_YOUR OBJECTIVE:_ If pictures appear in the lines below, skip them and copy exactly the lines from the one containing "DOM Manipulation in Vanilla JavaScript" through the one containing "Photo of Dry", and nothing else.

_TASK DATA:_
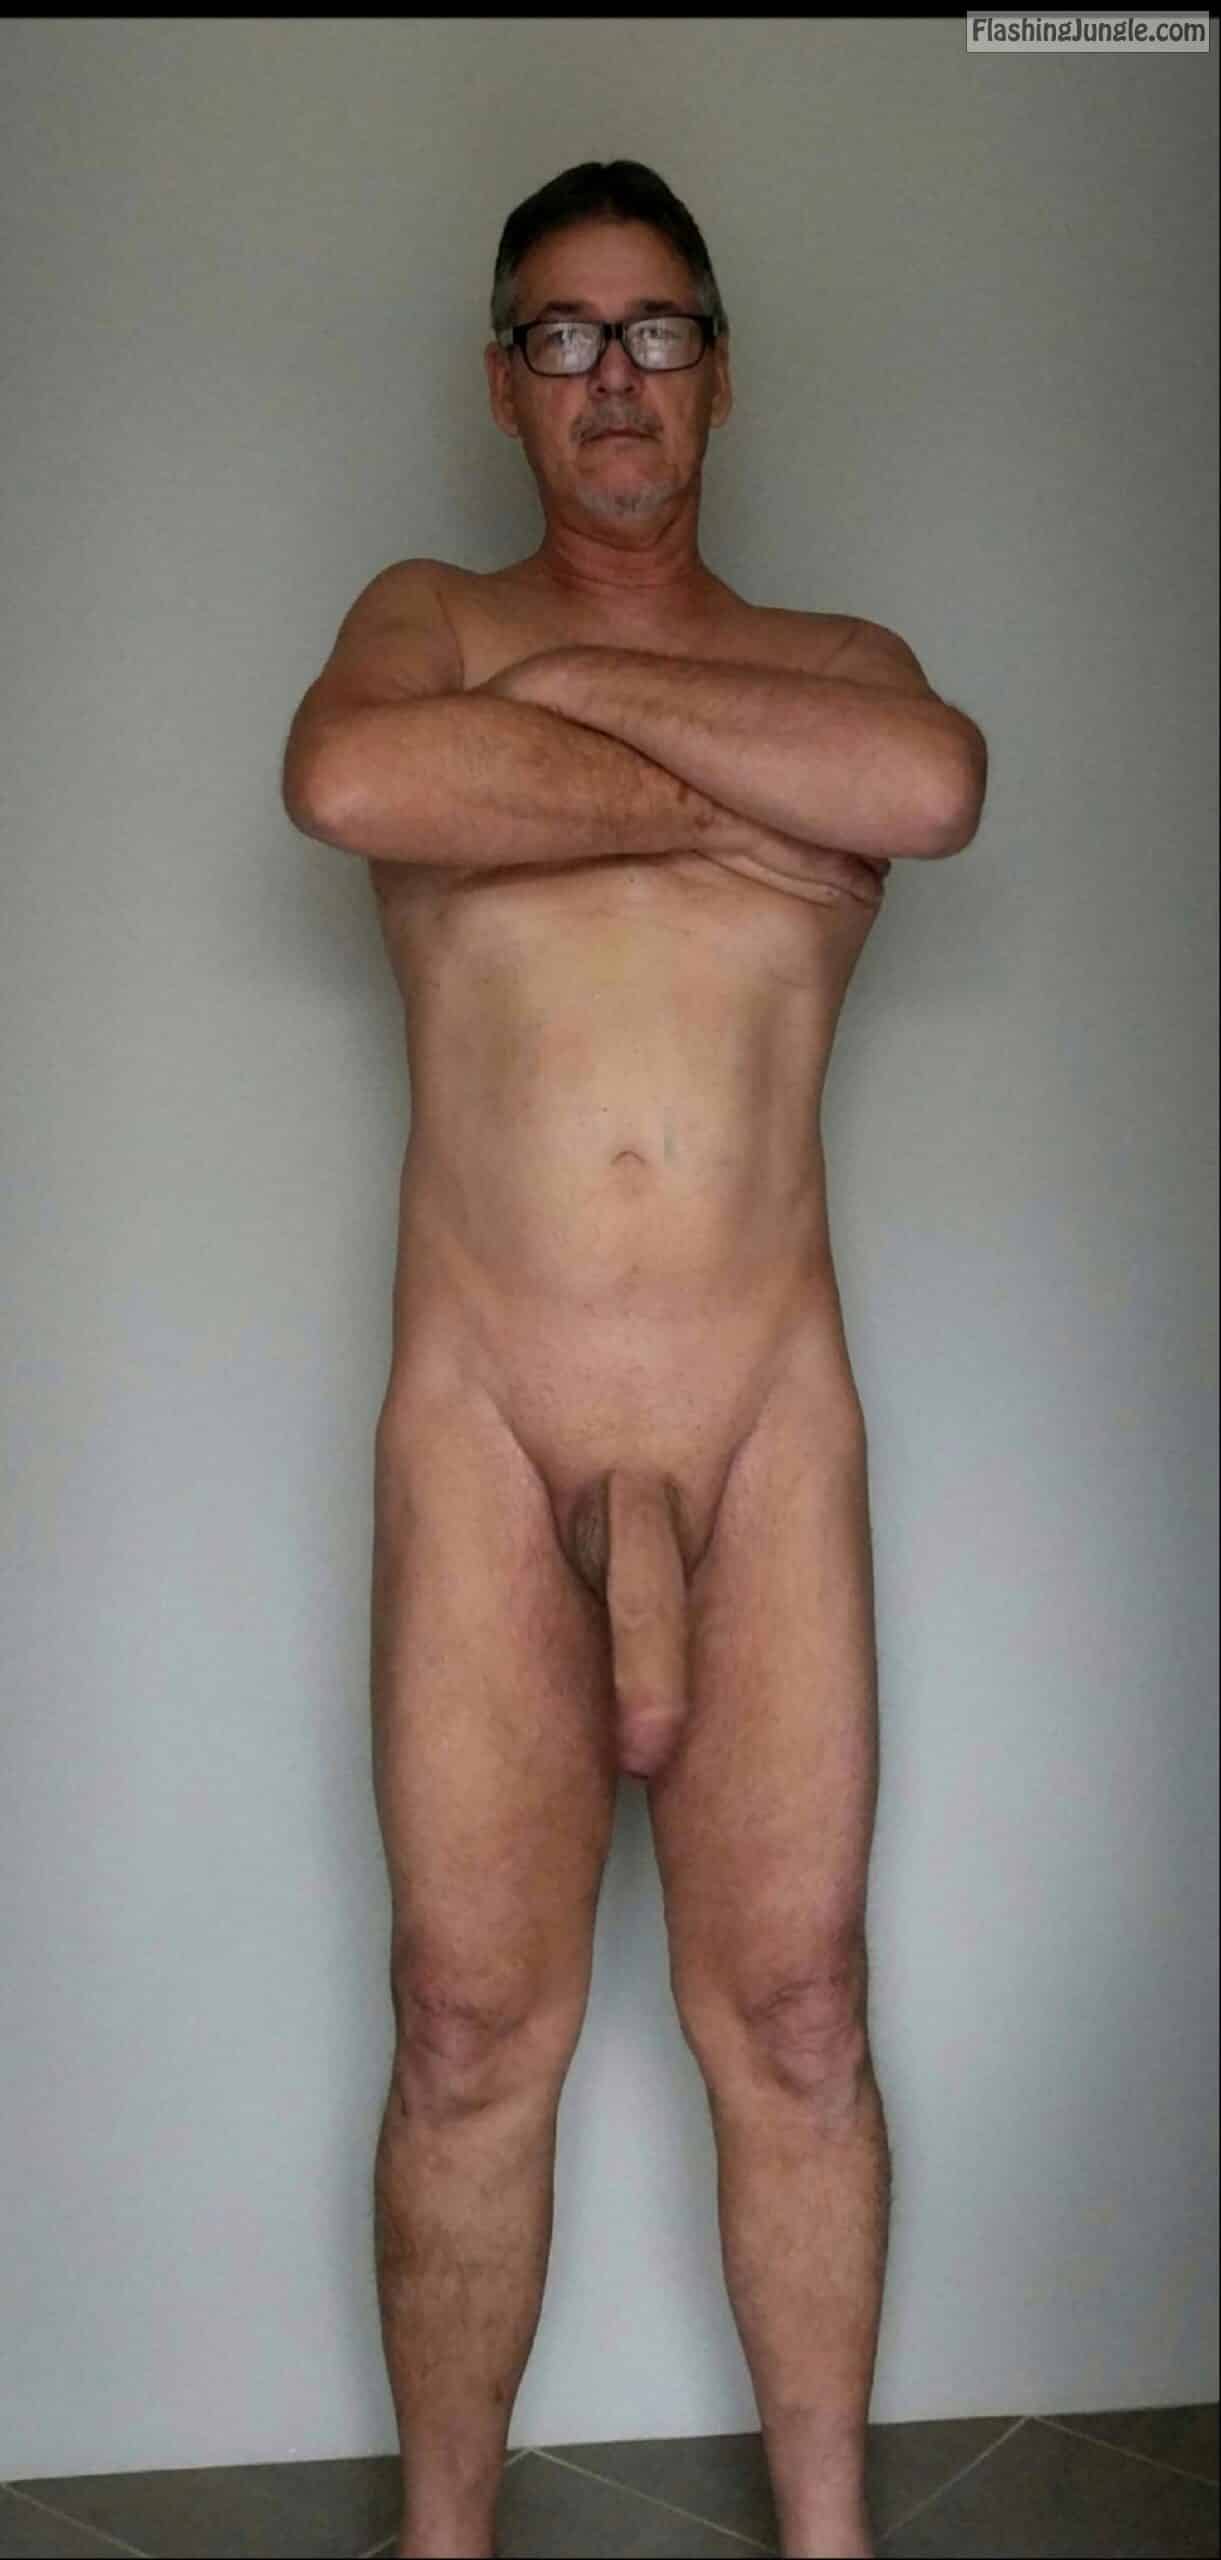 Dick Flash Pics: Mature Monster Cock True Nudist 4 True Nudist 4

---

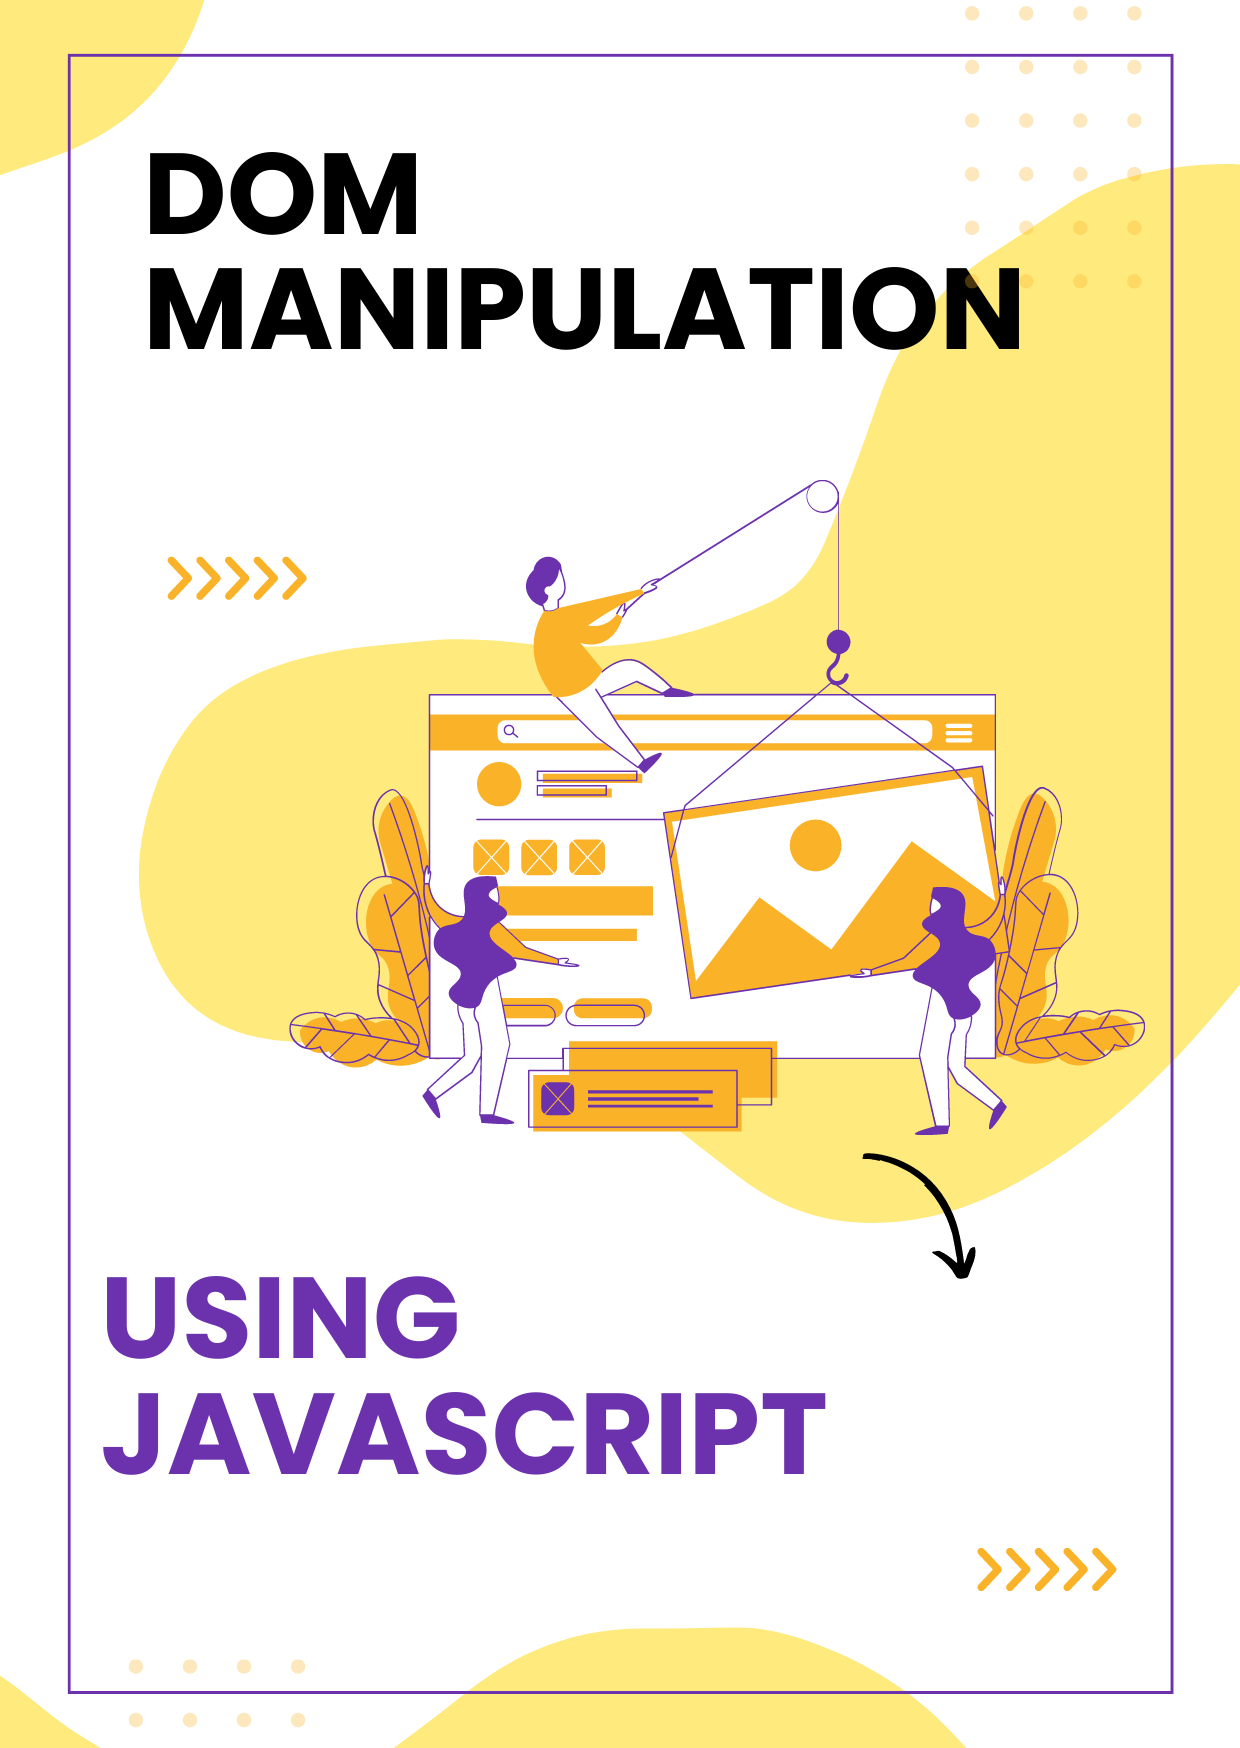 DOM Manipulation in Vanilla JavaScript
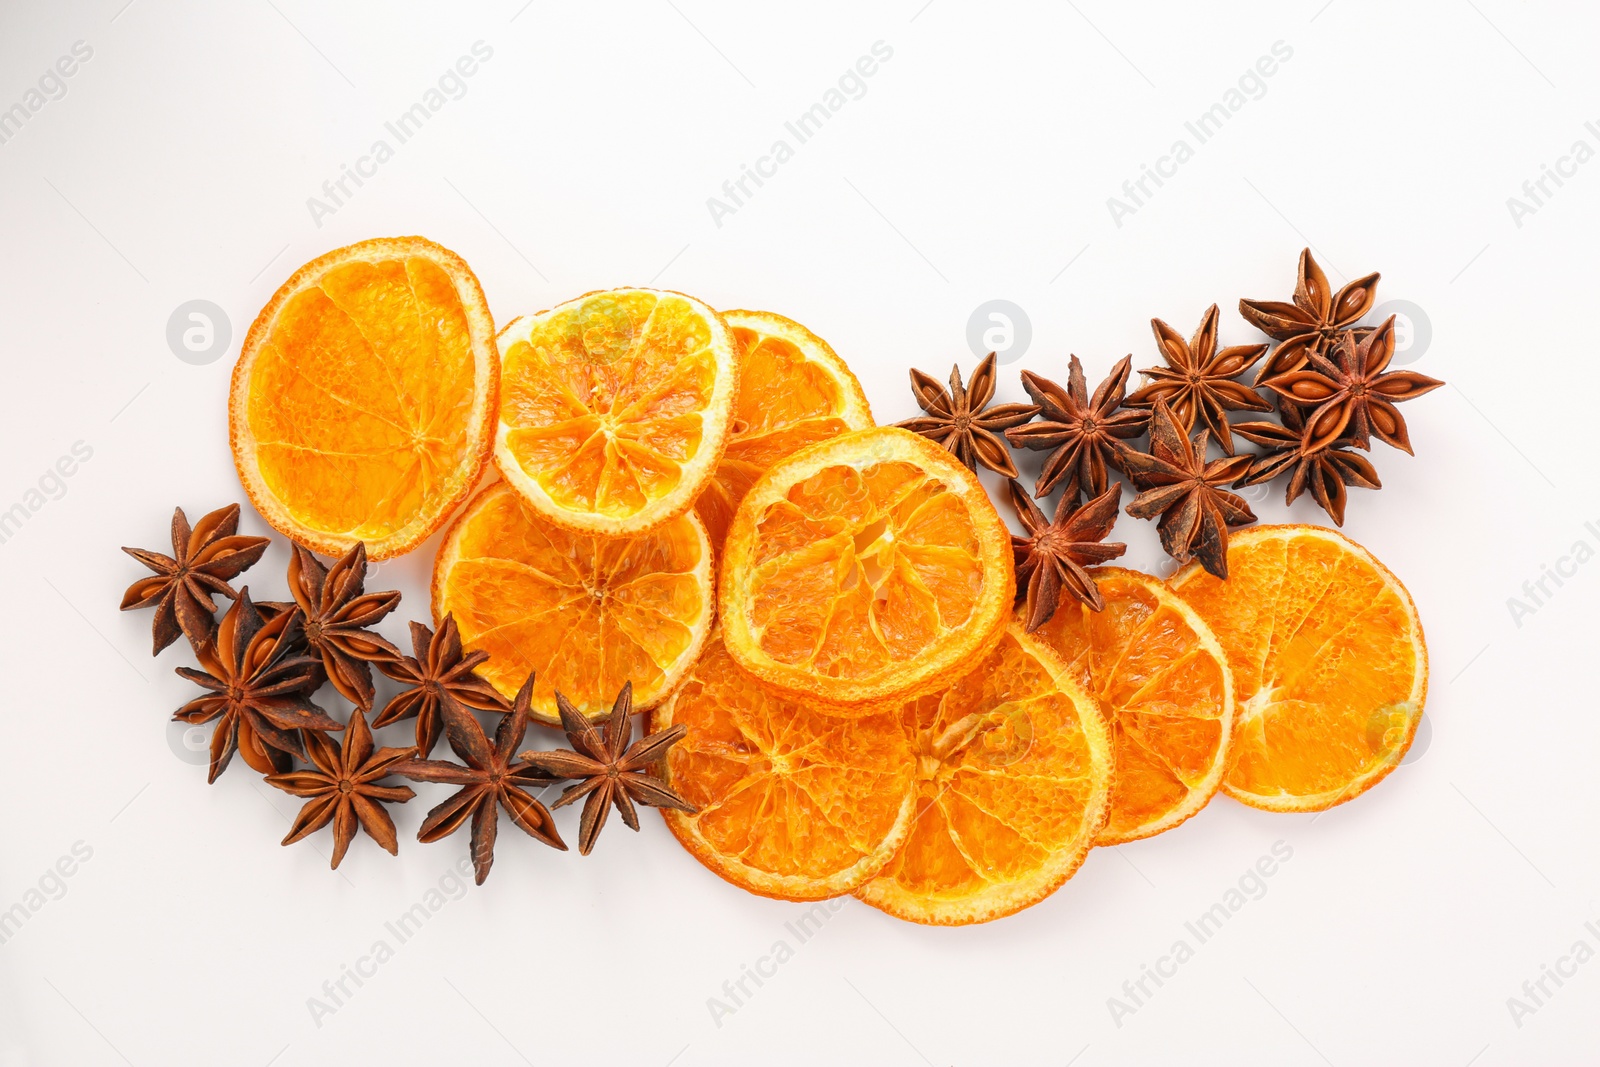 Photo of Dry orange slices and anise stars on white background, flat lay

_RESPONSE TO THE TASK:_
 DOM Manipulation in Vanilla JavaScript
 Photo of Dry orange slices and anise stars on white background, flat lay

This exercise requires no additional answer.